Lɔ̈ɔ̈i de kä ye cɔla serum inflammatory factors ku jɔl ya kä ye cɔla blood cell changes në neurocritical lower extremity deep vein thrombosis patients

  • Yunqiu Zhu School of Nursing and School of Public Health, Yangzhou University, Yangzhou, Jiangsu, 225009, China
  • Chun Wang Department of Neurointensive Care Unit, Northern Jiangsu People's Hospital
  • Jia Wang Department of Neurointensive Care Unit, Northern Jiangsu People's Hospital
  • Tian Shi Department of Neurointensive Care Unit, Northern Jiangsu People's Hospital
  • Weijie Tang Department of Neurointensive Care Unit, Northern Jiangsu People's Hospital
  • Huaping Zhou Department of Neurointensive Care Unit, Northern Jiangsu People's Hospital
  • Wanfei Guo Department of Neurointensive Care Unit, Northern Jiangsu People's Hospital
  • Hongbin Mei Department of Cardiovascular Medicine, Northern Jiangsu People's Hospital
  • Jinxiang Bo School of Nursing and School of Public Health, Yangzhou University, Yangzhou, Jiangsu, 225009, China

Sažetak


Objective: The aim of this study was to investigate the mechanisms of postoperative deep vein thrombosis (DVT) of the lower extremities in neurocritical care patients, focusing on the interaction of inflammatory factors [D-dimer (DD), prothrombin time (PT), blood cell parameters (lymphocytes, platelets, plateletcrit) and coagulation function.

Methods: A retrospective cohort study design was used to include 261 neurocritical care patients who underwent surgery between August 2019 and August 2021. They were categorized into DVT group (n=121) and non-DVT group (n=140) based on postoperative lower limb Doppler ultrasound findings. Preoperative coagulation indices (TT, DD), inflammatory markers [C reactive protein (CRP), procalcitonin (PCT), fibrinogen (FIB)], and blood cell parameters (hemoglobin, neutrophils, lymphocytes, platelet counts, and plateletcrit) were collected from the patients.

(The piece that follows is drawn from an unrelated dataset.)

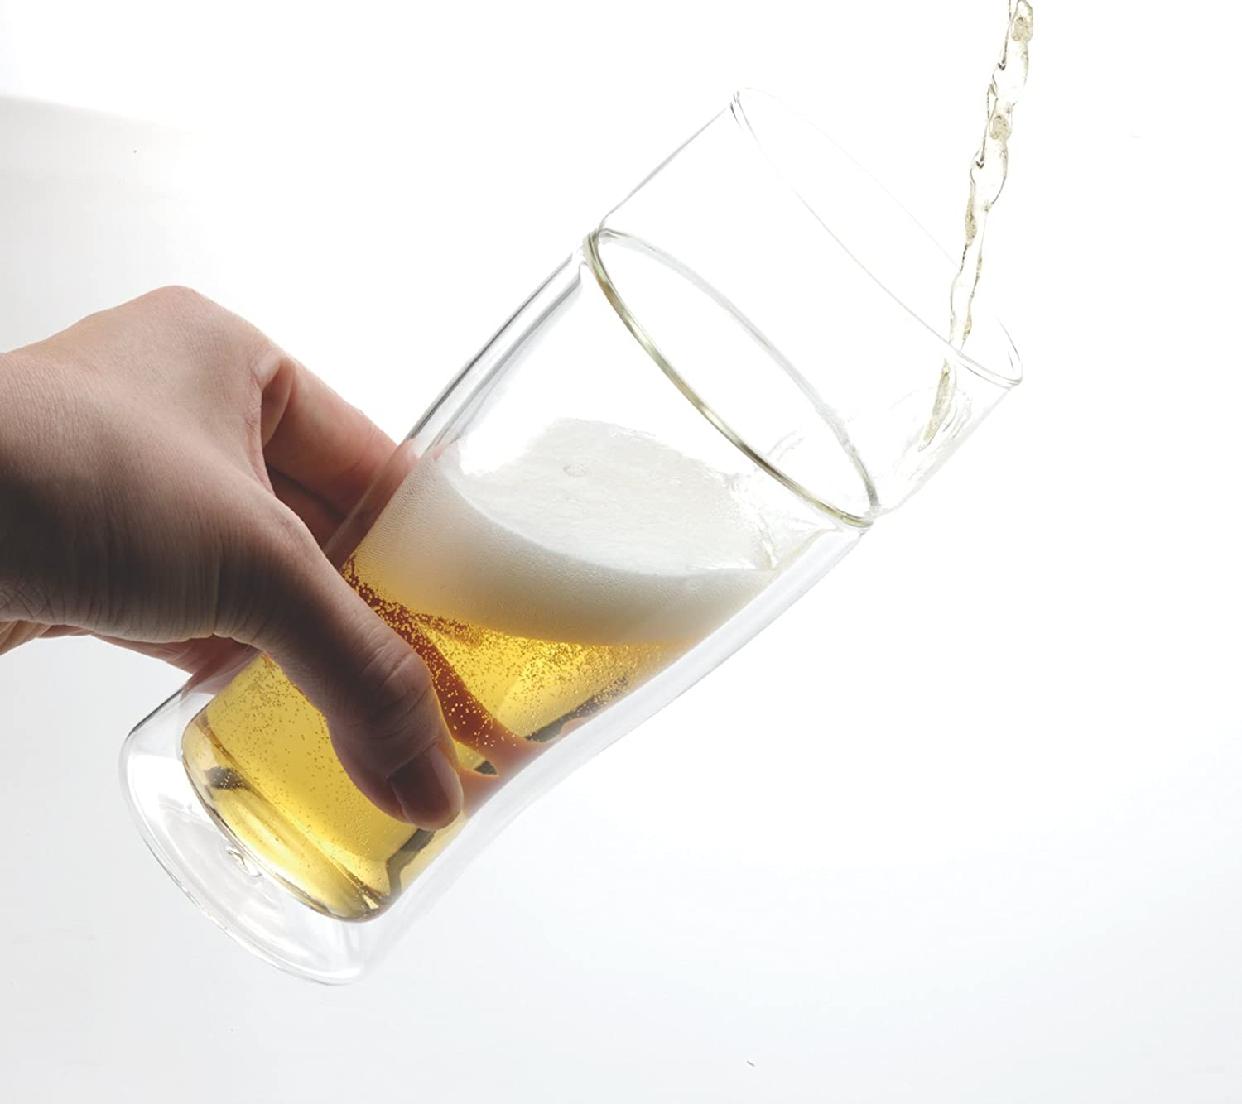 HARIO(ハリオ) ツインビア グラスの商品画像2

Results: DD levels were significantly higher and TT shorter in the DVT group than in the non-DVT group (P<0.05); DD was positively correlated with PT-INR (P<0.001). In addition, lymphocyte and plateletcrit were significantly lower in the DVT group (P<0.05). Multifactorial analysis showed that age (OR=1.027), days of hemostatic medication (OR=1.203), postoperative infections (OR=2.728), elevated DD (OR=1.056), and shortened TT (OR=0.840) were independent risk factors (P<0.05).

Conclusion: The development of DVT in neurocritical patients is the result of a combination of hypercoagulation, inflammatory response, and immunosuppression.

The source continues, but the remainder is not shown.